(BRIEF): All of the data below should be repeated exactly. Pictures should not be included.

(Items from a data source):
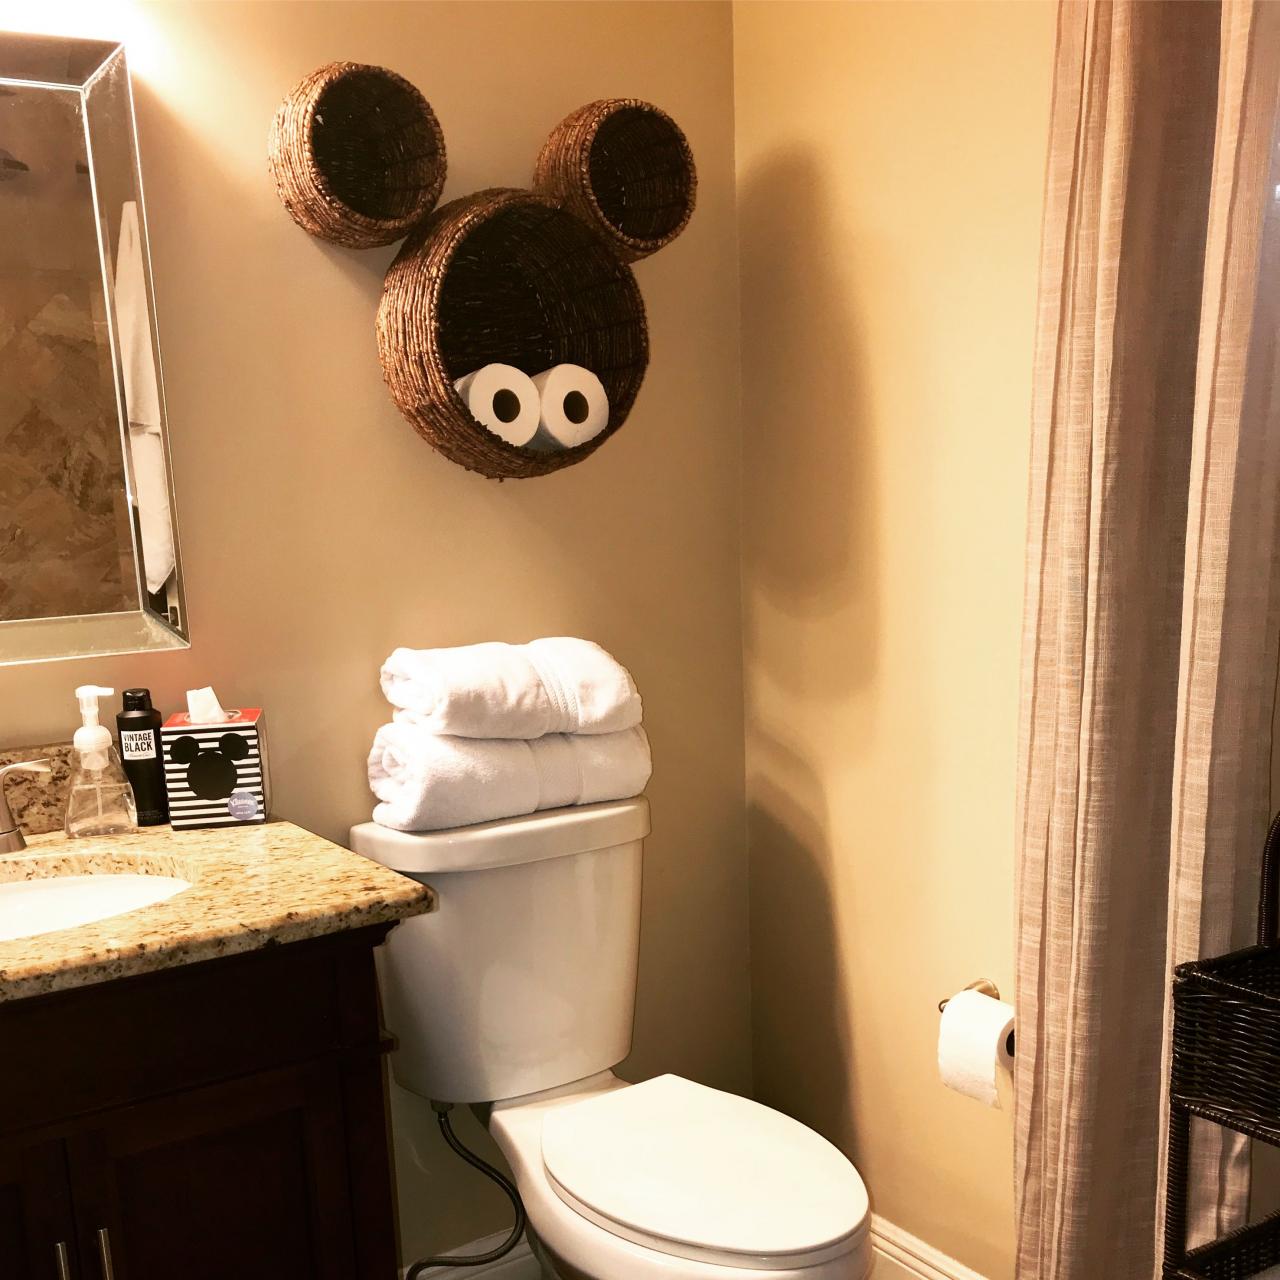 a bathroom with a toilet, sink and mickey mouse head on the wall above it
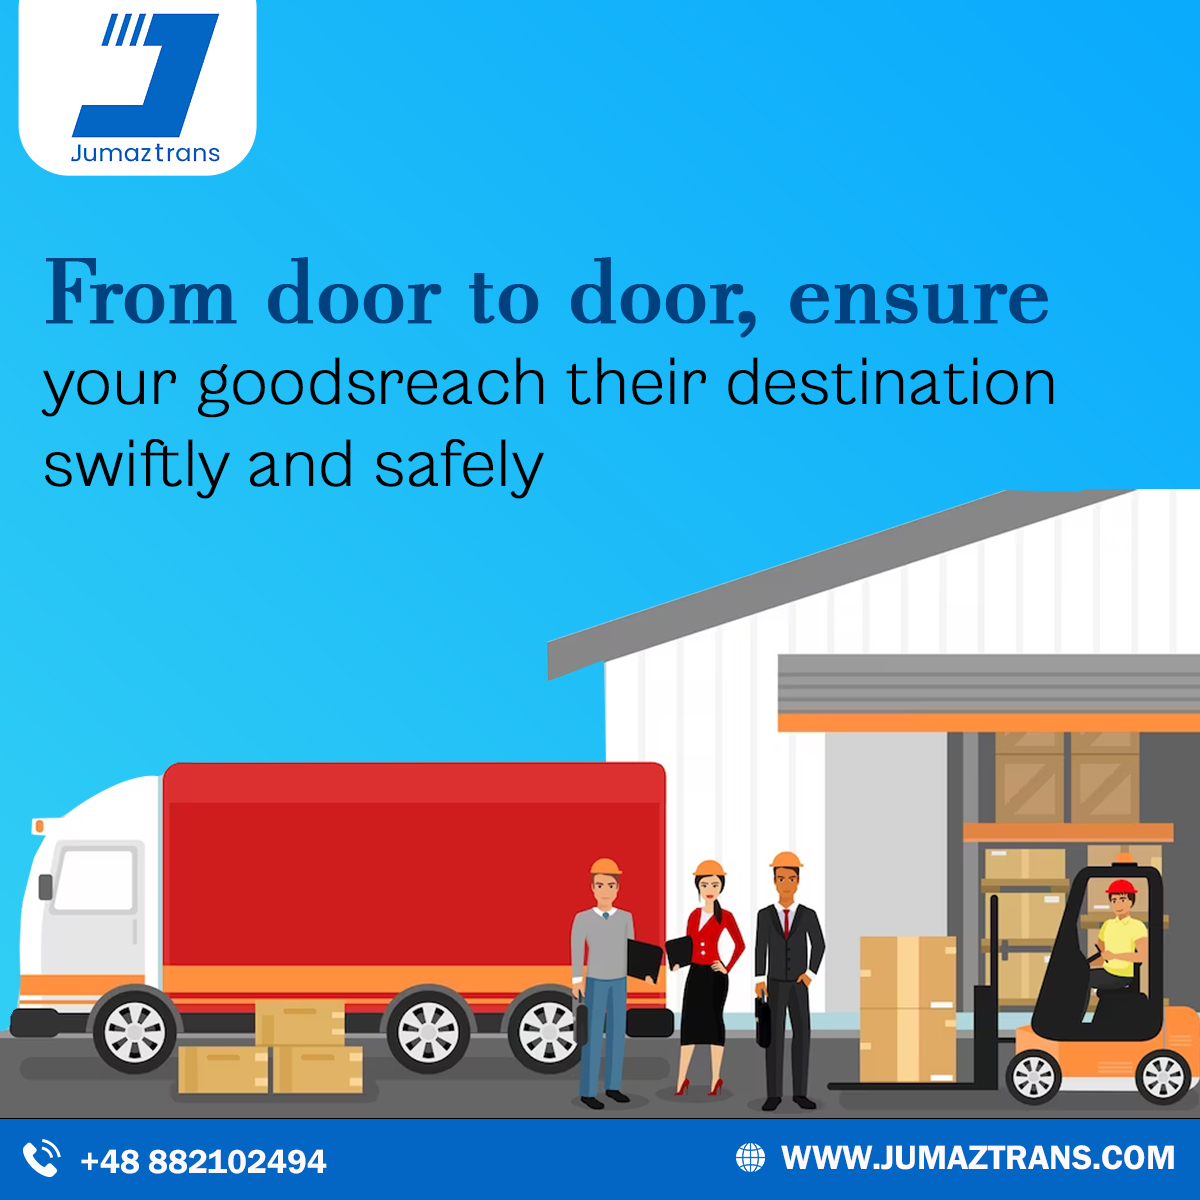 From door to door, ensure your goodsreach their destination swiftly and safely
.
#shipping #logistics #freeshipping #worldwideshipping #shippingworldwide #dropshipping #shippingavailable #logisticscompany #shippingalloverindia #logisticsmanagement #fastshipping
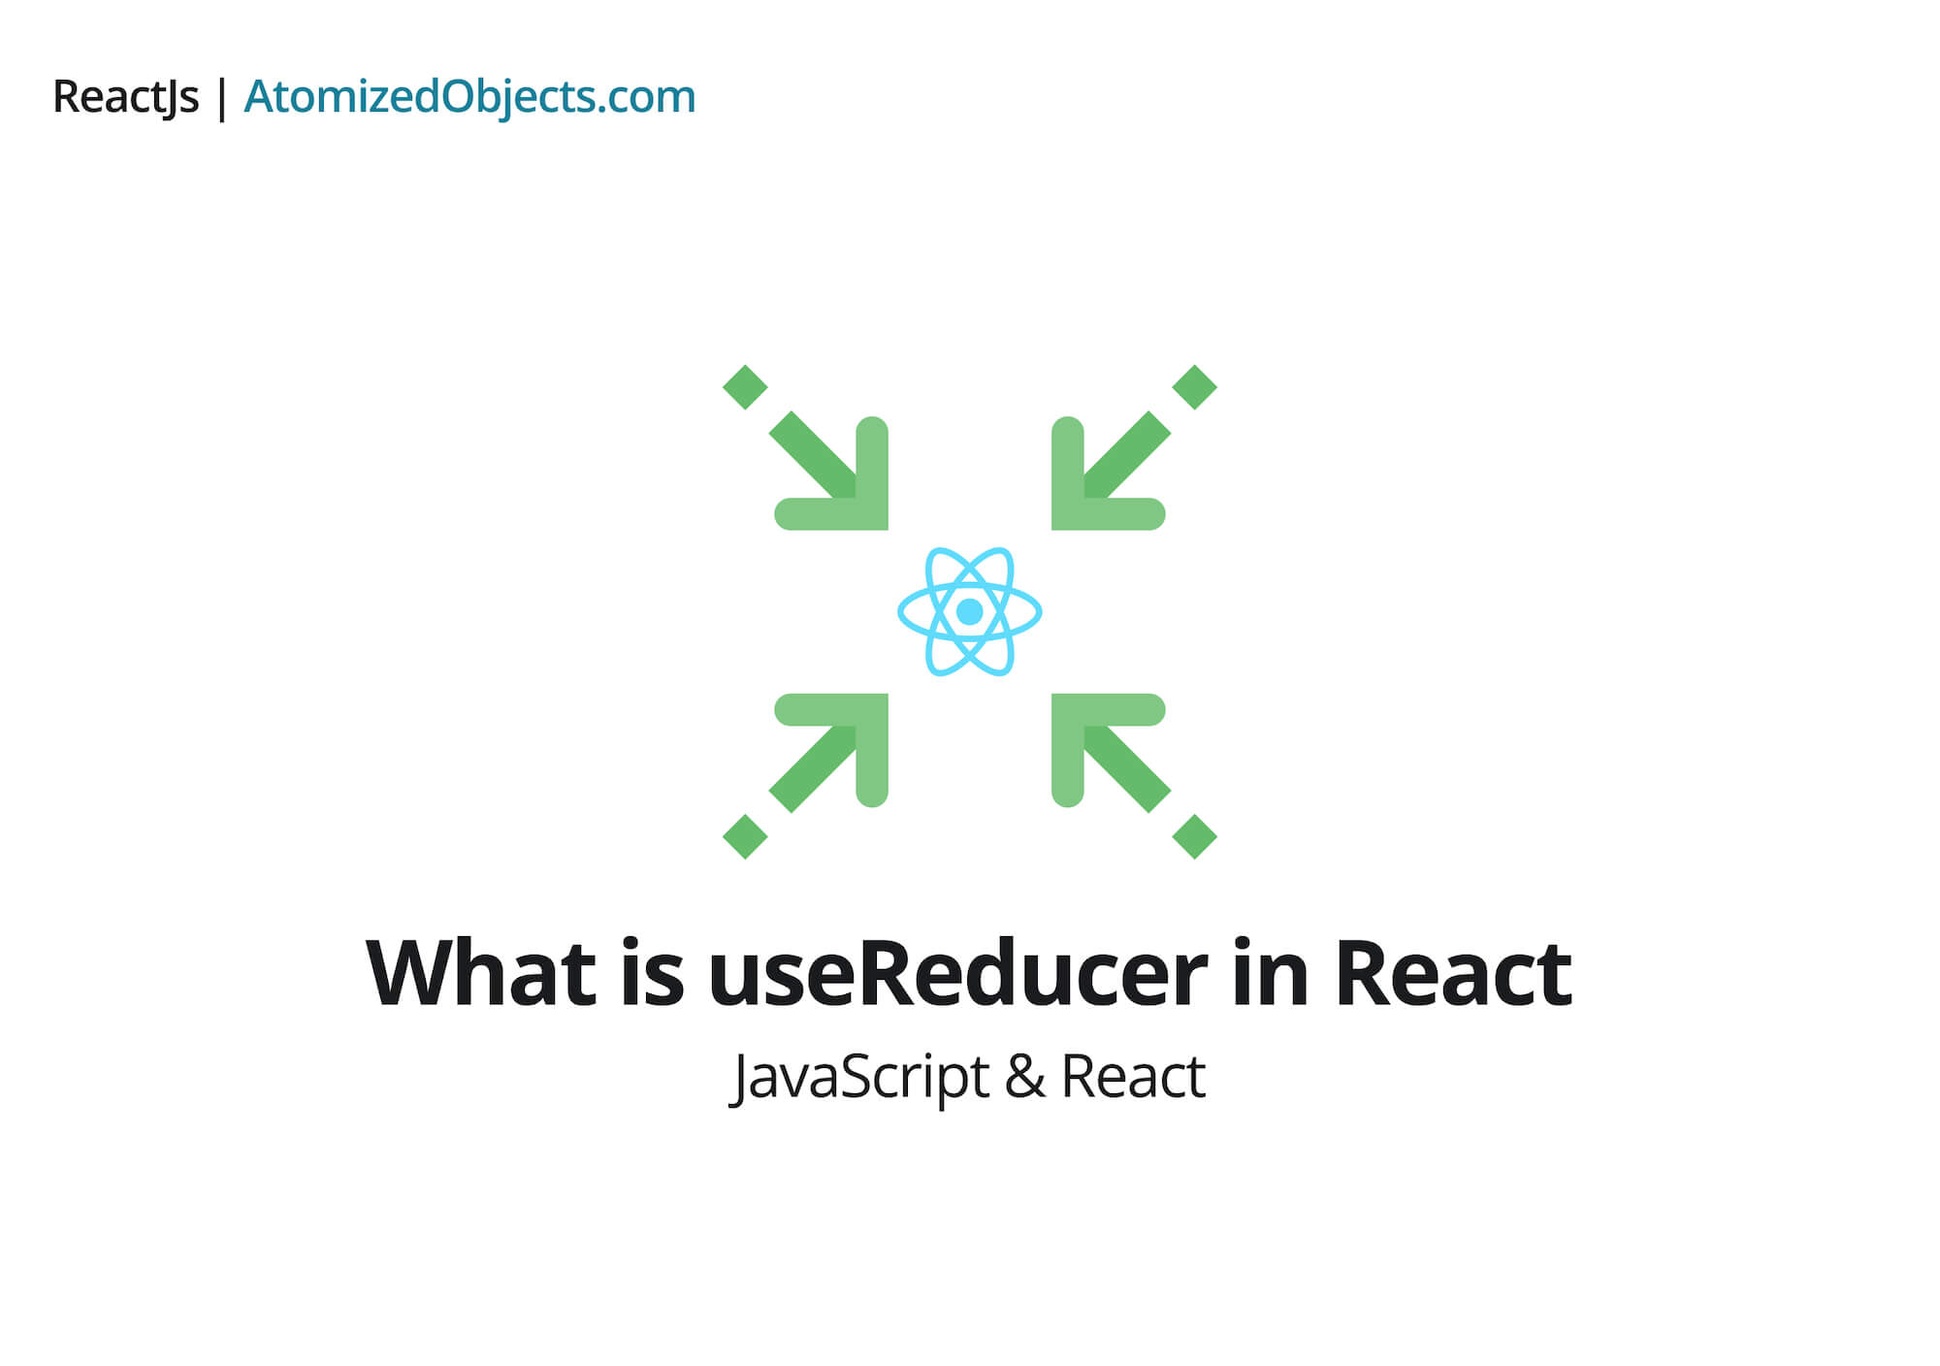 What is useReducer in React
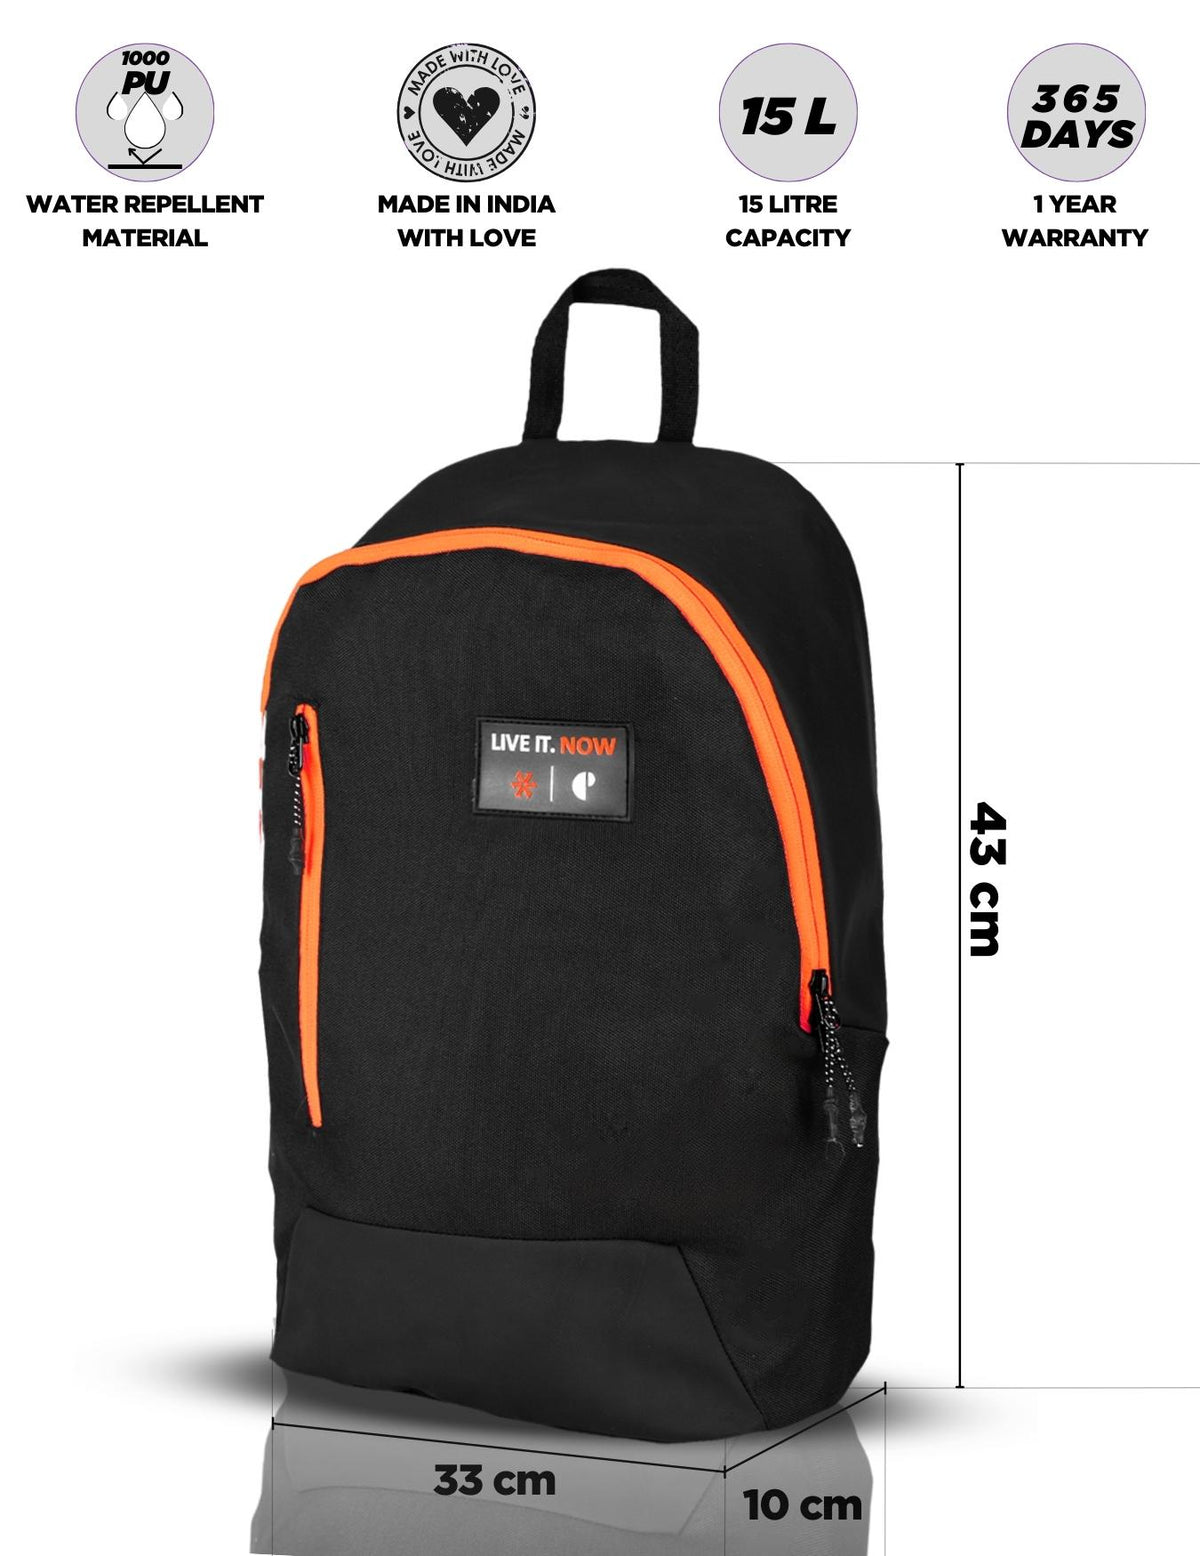 ZoPro DayPacker 15L (Limited Edition)

(YOUR SOLUTION):
 a bathroom with a toilet, sink and mickey mouse head on the wall above it
 From door to door, ensure your goodsreach their destination swiftly and safely
.
#shipping #logistics #freeshipping #worldwideshipping #shippingworldwide #dropshipping #shippingavailable #logisticscompany #shippingalloverindia #logisticsmanagement #fastshipping
 What is useReducer in React
 ZoPro DayPacker 15L (Limited Edition)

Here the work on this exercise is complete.